On the face of it, that's one victory for government snooping and one defeat. But both decisions highlight the precariousness of privacy in an age when we routinely store huge amounts of sensitive information outside our homes.
The Fourth Amendment prohibits "unreasonable searches and seizures" of our "persons, houses, papers and effects." But according to the Supreme Court, the Fourth Amendment does not protect our papers once we entrust them to someone else.
In a 1976 case involving bank records, the court declared that "the Fourth Amendment does not prohibit the obtaining of information revealed to a third party and conveyed by him to government authorities, even if the information is revealed on the assumption that it will be used only for a limited purpose and the confidence placed in the third party will not be betrayed." Three years later, in a case involving phone records, the court reiterated that "a person has no legitimate expectation of privacy in information he voluntarily turns over to third parties."
This dubious "third-party doctrine," enunciated before the Internet existed and mobile phones became ubiquitous, was crucial to the outcome of a case decided by the U.S. Court of Appeals for the 11th Circuit last week. The court said an armed robber named Quartavious Davis had no constitutional grounds to object when the FBI linked him to several crime scenes with cellphone location data that it obtained without a probable-cause warrant.
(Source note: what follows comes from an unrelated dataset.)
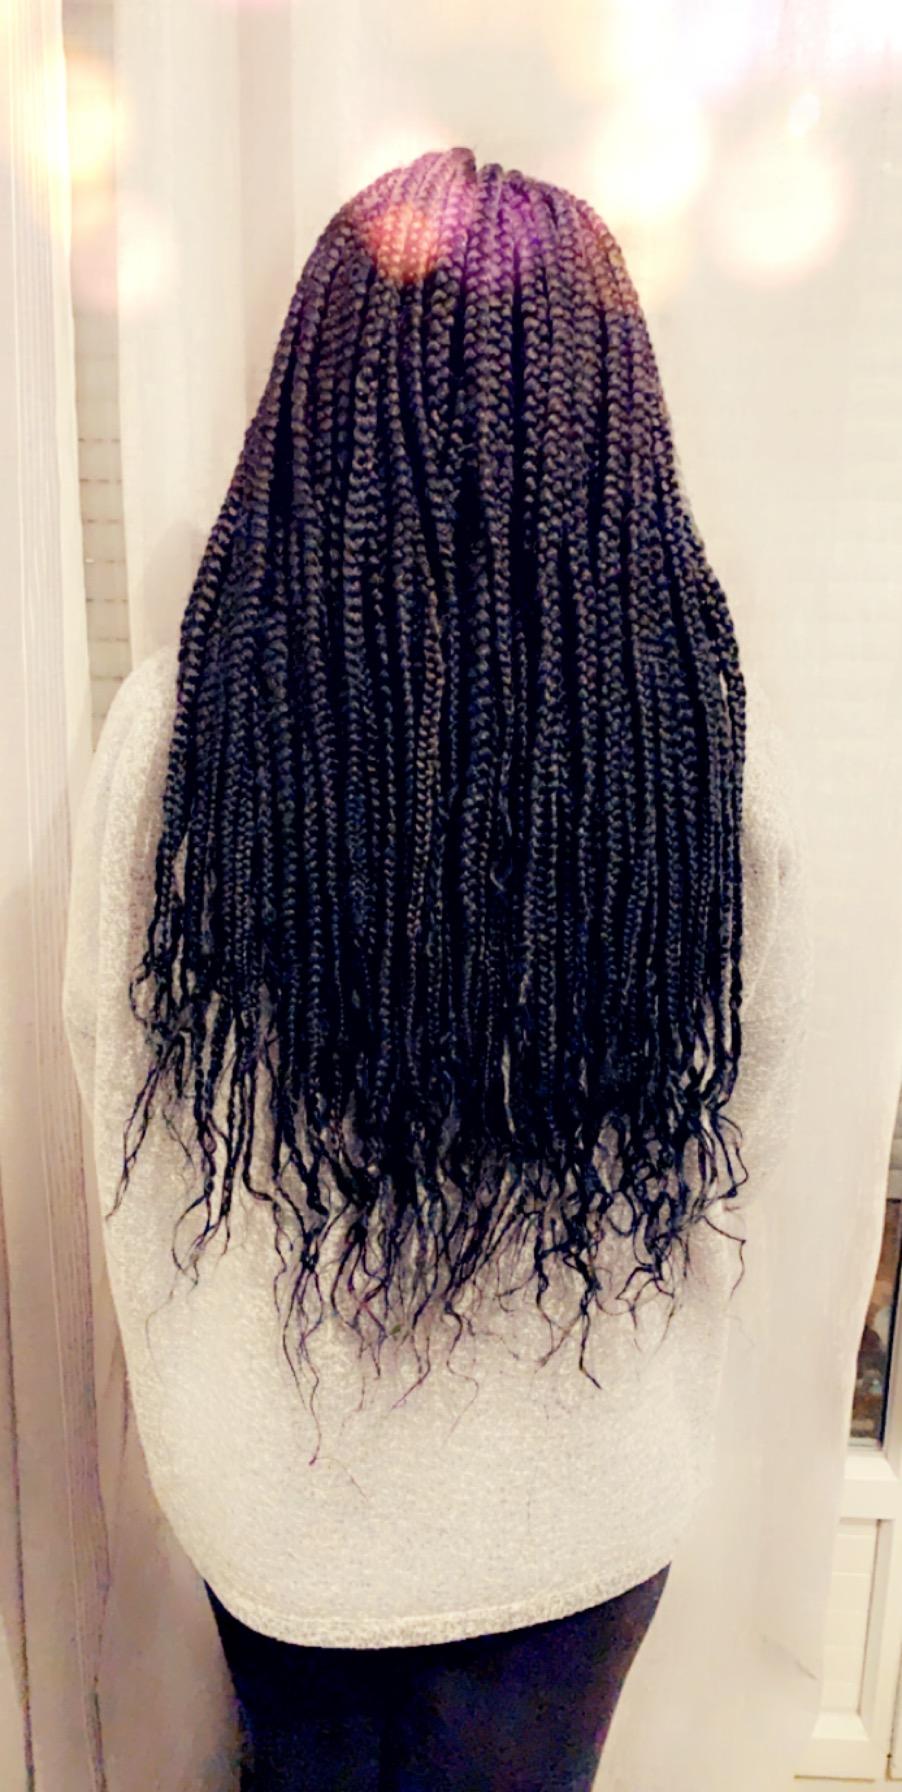 salon de coiffure afro tresse tresses box braids crochet braids vanilles tissages paris 75 77 78 91 92 93 94 95 UZQPCNCM

The court's logic was straightforward: Those records did not belong to Davis; they belonged to MetroPCS, his mobile phone company. So even though they revealed everywhere he went over the course of 67 days, he had no reasonable expectation that the information would remain private.
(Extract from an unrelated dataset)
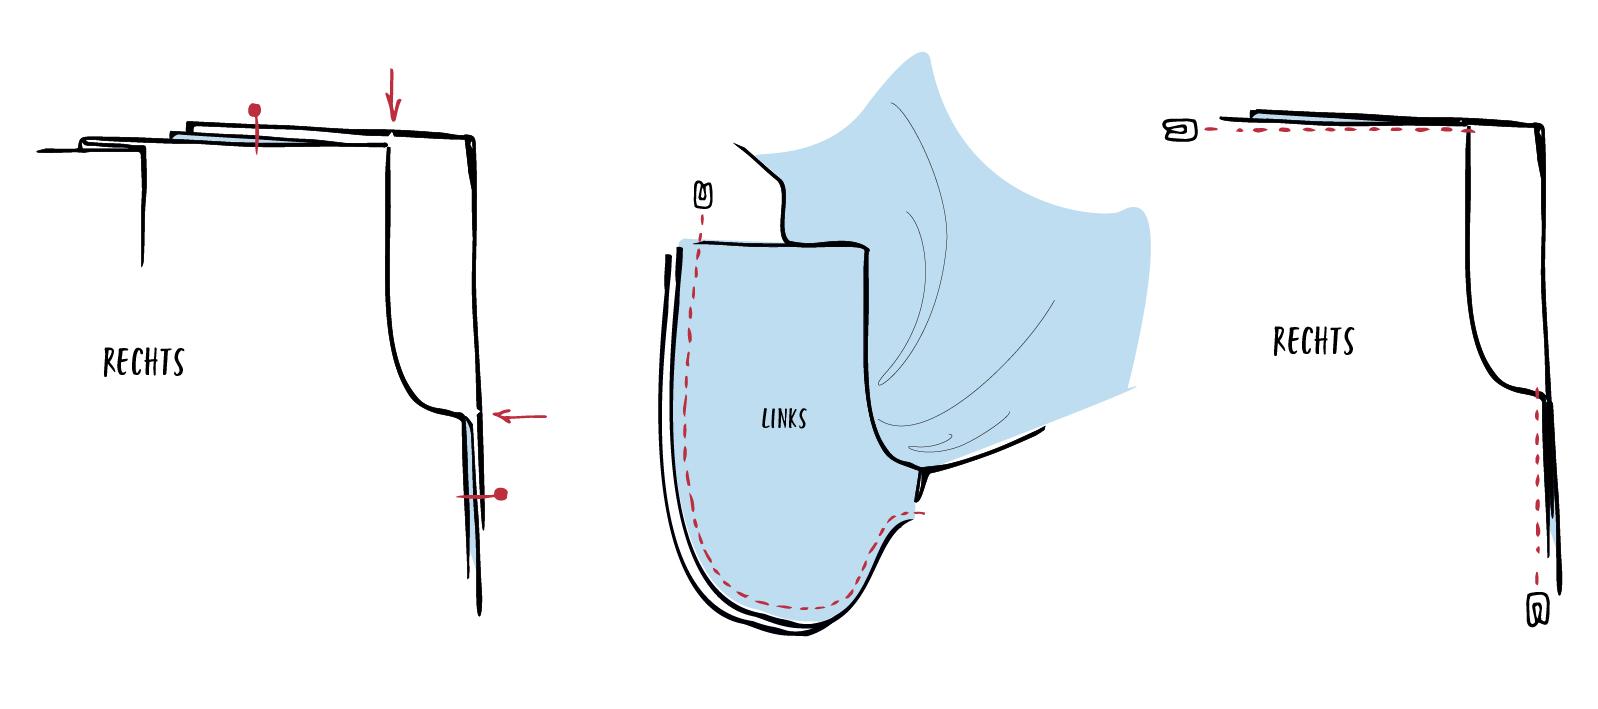 Der hintere Taschenbeutel wird hinterlegt und die Taschenbeutel zusammengenäht

Dissenting Judge Beverly Martin noted that the majority's reasoning invites even bigger intrusions. "Under a plain reading of the majority's rule," she said, "by allowing a third-party company access to our email accounts, the websites we visit and our search-engine history -- all for legitimate business purposes -- we give up any privacy interest in that information."
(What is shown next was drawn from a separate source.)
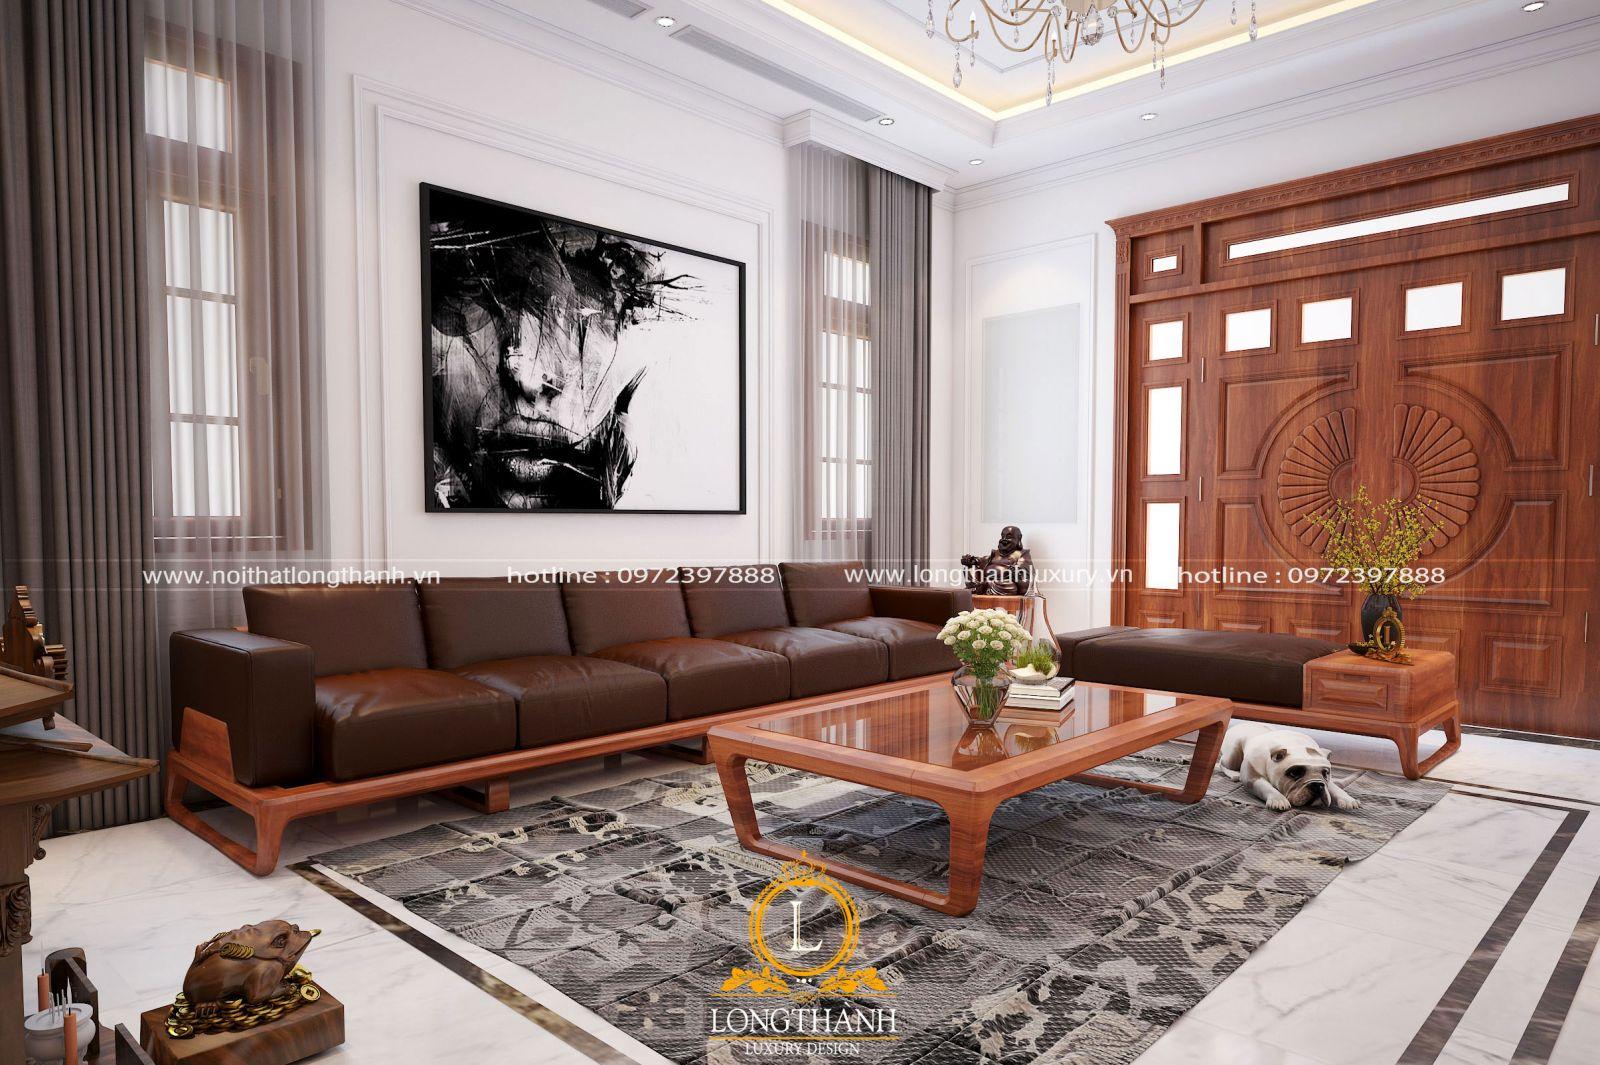 Bố trí nội thất hợp lý làm cho không gian phòng khách thêm tiện nghi

That means the government can find out what we watch on YouTube, what we look up on Wikipedia, what we buy on Amazon, and whom we "friend" on Facebook or date via Match.com -- "all without a warrant." In fact, Martin noted, "the government could ask 'cloud'-based file-sharing services like Dropbox or Apple's iCloud for all the files we relinquish to their servers."
The U.S. Court of Appeals for the 2nd Circuit also noted the privacy threat posed by such data grabs in its ruling against the NSA's mass collection of phone records. But that decision was based on Section 215 of the PATRIOT Act, which the court said did not authorize the NSA program, contrary to the position taken by the Obama administration.
Congress is currently debating reauthorization of Section 215, which expires at the end of this month. Even if the provision is renewed unchanged, the 2nd Circuit's decision (assuming it's not overturned) means the NSA can no longer use Section 215 to collect everyone's phone records.
That outcome, while welcome, leaves unresolved a deeper issue that the 2nd Circuit mentioned but did not address: "whether the availability of information to telephone companies, banks, Internet service providers and the like, and the ability of the government to collect and process volumes of such data that would previously have overwhelmed its capacity to make use of the information, render obsolete the third_party records doctrine." Until the Supreme Court grapples with that issue, such highly revealing and deeply personal information will have only as much protection as legislators decide to give it.